Sopinka's combativeness had long been apparent. He was a halfback on the University of Toronto's Varsity Blues football team that won the 1954 intercollegiate championship, a defensive back with the CFL Toronto Argonauts from 1955 to 1957 and the Montreal Alouettes the following year. And he proved to be as tough in the courtroom as he had been on the football field. "He was the most competitive person on the face of the earth - he had to outwork, outperform and out-tactic," says Howard. "He couldn't play squash for fun; he had to beat you. But I liked him - he was tremendously loyal to the people who worked for him." Opponents were a different matter. "If he could find a way to beat you within the rules," Howard adds, "he would do it."

That doggedness, says Estey, chairman of Hockey Canada at the time of the 1984 Winter Games, is why he picked Sopinka for the trip to Sarajevo. The mission: to try to persuade the International Olympic Committee to lift its ban on professional hockey players. (It finally did in 1986.) "He had a real sense of the law and you didn't have to hit him over the head with some legal point to get him to look at it," says Estey. "He was an excellent counsel."

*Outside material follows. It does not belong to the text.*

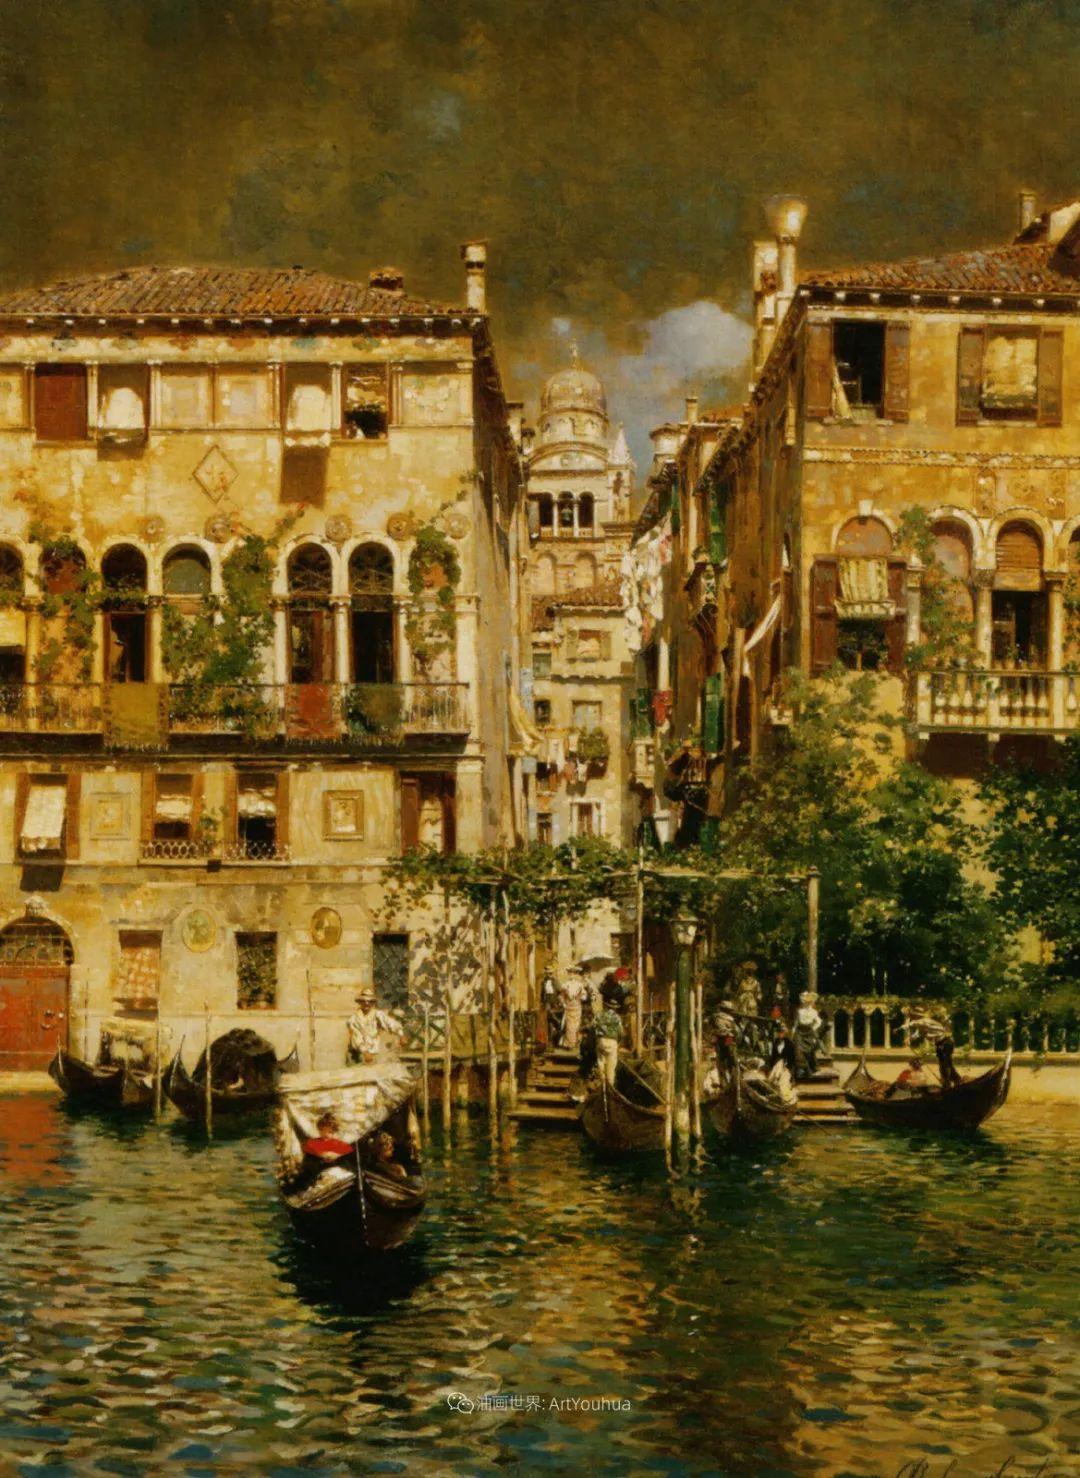 威尼斯风光,意大利画家鲁本斯·桑托罗插图23

During nearly three decades, many lawyers came to the same conclusion. In the mid-1970s, Saskatoon lawyer Silas Halyk was hired by the Saskatchewan attorney general to prosecute the Bank of Nova Scotia for fraud for the way it handled the assets of a furniture company that had gone bankrupt. Sopinka, hired by the bank, convinced the court to dismiss the charges. "I liked him and I always remember how anxious he was to get out of the courtroom and onto the tennis court," Halyk recalls. "I kind of admired that; as I went for a drink, he'd be off to play tennis. I should have learned to imitate him."

Sopinka was equally respected as a judge. "Once in a while he'd get off on a trip to the moon with some argument," says Estey, "but the court will miss him tremendously when it comes to common sense." Toronto lawyer Clayton Ruby says: "They're all pretty bright up there, so to distinguish yourself you really have to be exceptional - and he was exceptional."

Windsor trial lawyer Harvey Strosberg, head of the regulatory Law Society of Upper Canada, was an articling student of Sopinka's in 1969 and had been scheduled to argue a case before him next spring. "He was a mentor to a whole generation of lawyers and we will miss him," Strosberg said. It is a formidable legacy. But then it was created by a formidable man.